What is HSPA4 and what are its primary cellular functions?

HSPA4 (Heat Shock 70kDa Protein 4) is a member of the heat shock protein 70 family with a calculated molecular weight of 94 kDa, though the observed molecular weight is typically around 110 kDa . This protein participates in several cellular processes including chaperone-mediated protein complex assembly, protein import into mitochondrial outer membrane, and response to unfolded protein stress . HSPA4 is primarily localized in the cytosol and extracellular exosomes, and possesses ATP binding capabilities that facilitate its chaperone functions . Recent research has demonstrated that HSPA4 plays significant roles in various cancers, influencing critical cellular processes such as proliferation, migration, and survival .

What are the recommended applications for HSPA4 antibody?

The HSPA4 antibody has been validated for multiple experimental applications:

ApplicationRecommended Dilution
Western Blot (WB)1:500-1:2000
Immunoprecipitation (IP)0.5-4.0 μg for 1.0-3.0 mg of total protein lysate
Immunohistochemistry (IHC)1:20-1:200
Immunofluorescence (IF)/ICC1:50-1:500
Flow Cytometry (FC) (Intracellular)0.40 μg per 10^6 cells in 100 μl suspension

It is highly recommended to titrate the antibody for each specific testing system to achieve optimal results, as the optimal concentration may be sample-dependent .

What is the reactivity profile of HSPA4 antibody?

The HSPA4 antibody exhibits confirmed reactivity with samples from multiple species including human, mouse, rat, and monkey . Published literature has primarily cited its use with human and mouse samples . For researchers working with other species, preliminary validation is advisable as reactivity may vary between antibody clones. The FITC-conjugated variant specifically has been validated with human samples according to manufacturer specifications .

What are the optimal storage conditions for HSPA4 antibody with FITC conjugation?

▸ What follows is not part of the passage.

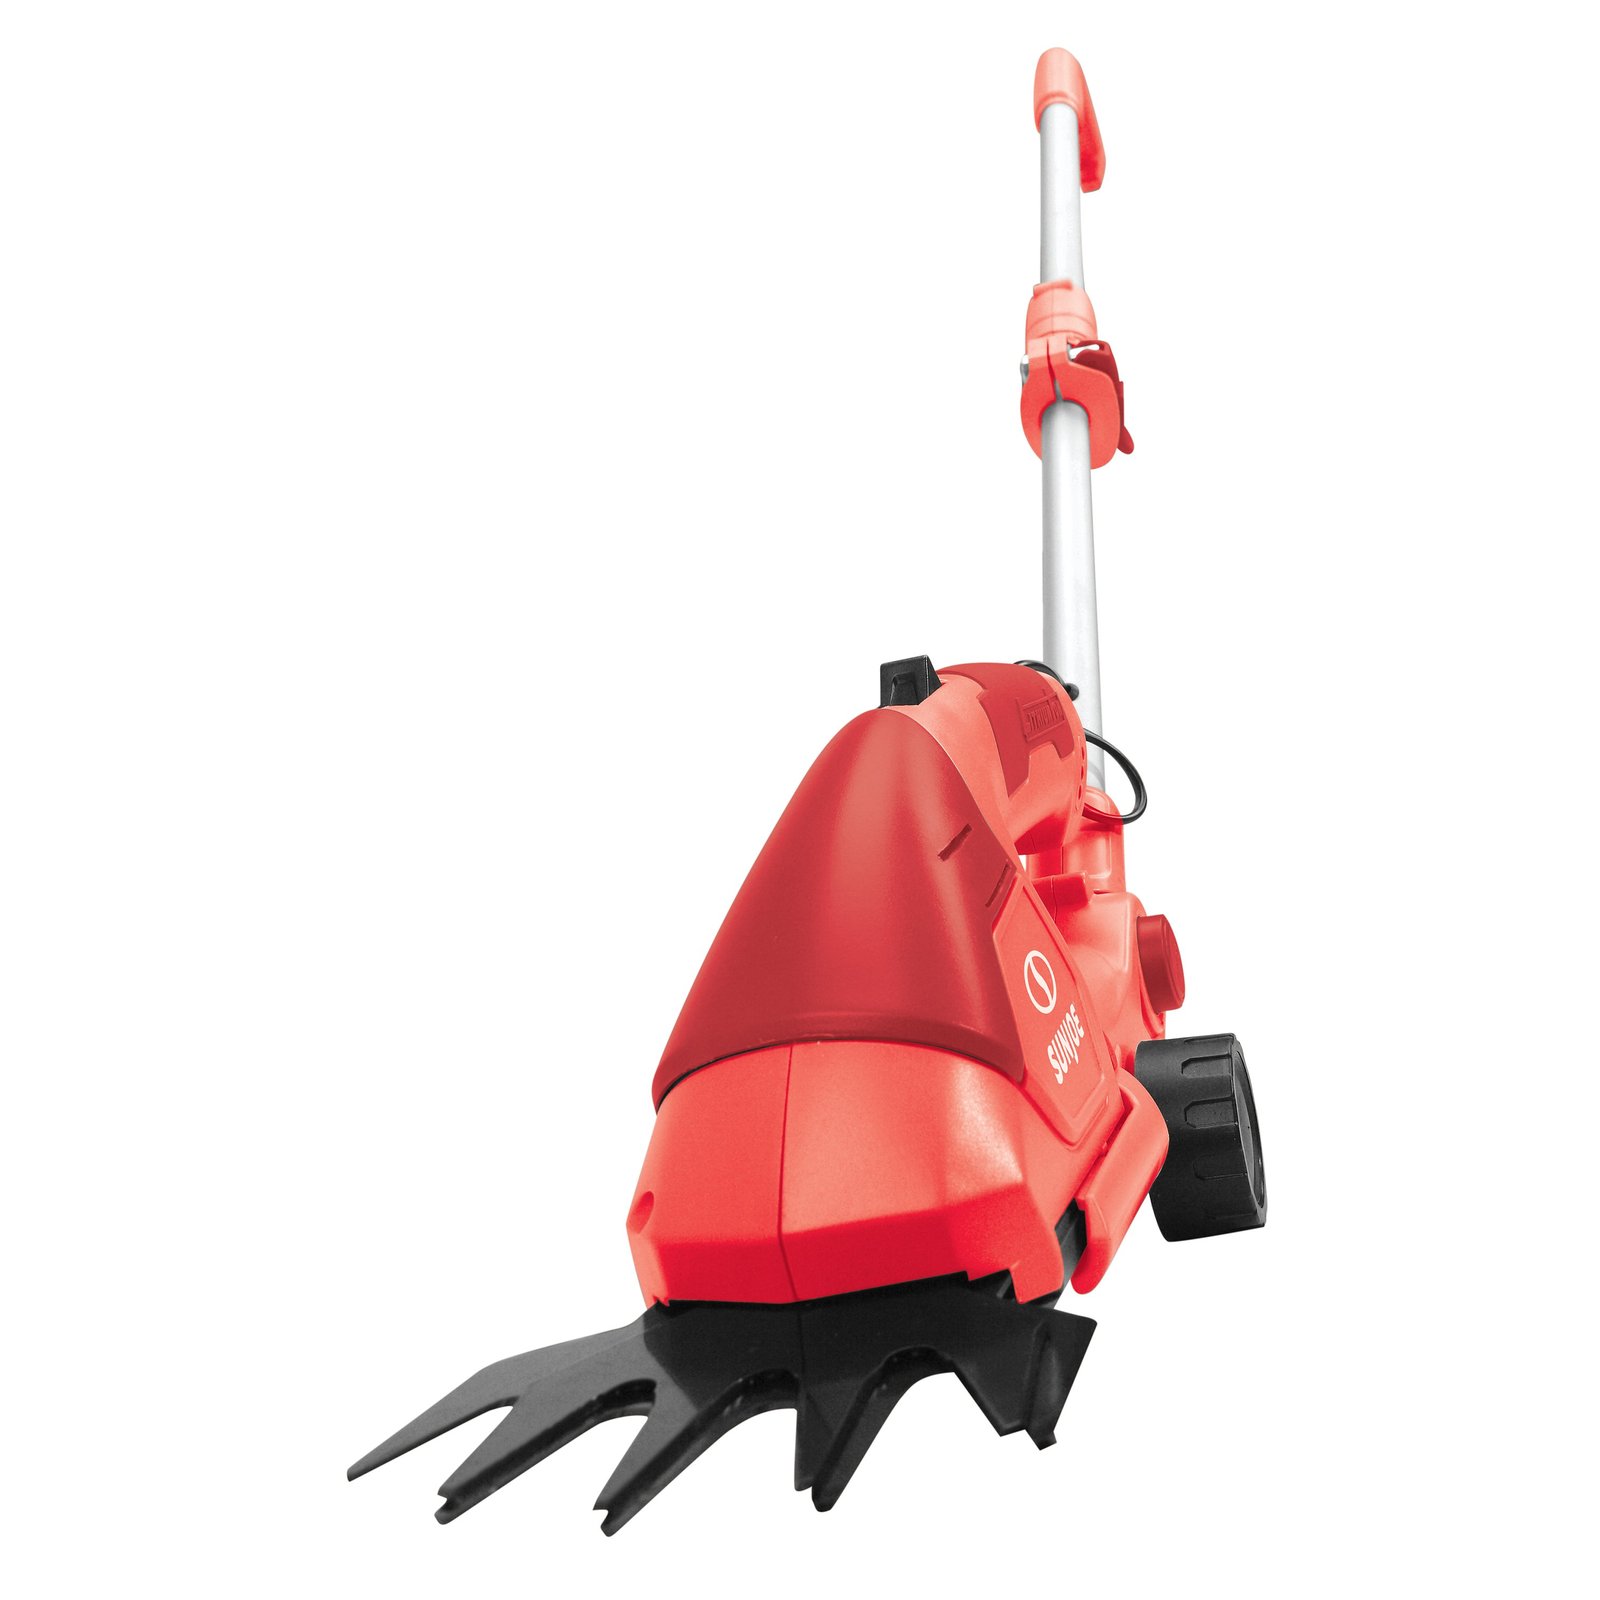 Sun Joe 2-in-1 Cordless Telescoping Grass Trimmer, 7.2 Volt (Red) - image 4 of 5

FITC-conjugated antibodies, including HSPA4 antibody, should be stored at 4°C to maintain fluorophore stability and prevent photobleaching . The unconjugated form can be stored at -20°C and remains stable for one year after shipment when maintained in appropriate buffer conditions (PBS with 0.02% sodium azide and 50% glycerol at pH 7.3) . For long-term preservation of activity, it is important to minimize freeze-thaw cycles, though aliquoting is generally unnecessary for the specific formulation described .

How can HSPA4 antibody be optimized for immunohistochemical detection in cancer tissues?

For optimal immunohistochemical detection of HSPA4 in cancer tissues, the following protocol has been validated:

  • Tissue section deparaffinization followed by antigen retrieval using citric acid buffer

  • Primary antibody incubation with anti-HSPA4 at 1:200 dilution

  • Secondary antibody incubation with IgG HRP-conjugated antibody at 1:400 dilution

  • Detection using DAB (3,3'-diaminobenzidine) with hematoxylin counterstaining

For FITC-conjugated antibodies, modifications to this protocol would include omitting the secondary antibody step and implementing appropriate fluorescence detection methods. Notably, antigen retrieval can be performed with either TE buffer at pH 9.0 or alternatively with citrate buffer at pH 6.0, with the former showing superior results in some tissue types .

The evaluation of immunohistochemical results should follow a systematic approach using a scoring system that accounts for both staining percentage (1: 1-24%, 2: 25-49%, 3: 50-74%, 4: 75-100%) and staining intensity (0: no color, 1: brown, 2: light yellow, 3: dark brown) .

What are the current findings regarding HSPA4 expression in cancer and its prognostic significance?

Recent comprehensive pan-cancer analyses have revealed significant associations between HSPA4 expression and various cancer types:

Interestingly, KIRC presents an exception where increased HSPA4 expression associates with extended survival (P=0.023) .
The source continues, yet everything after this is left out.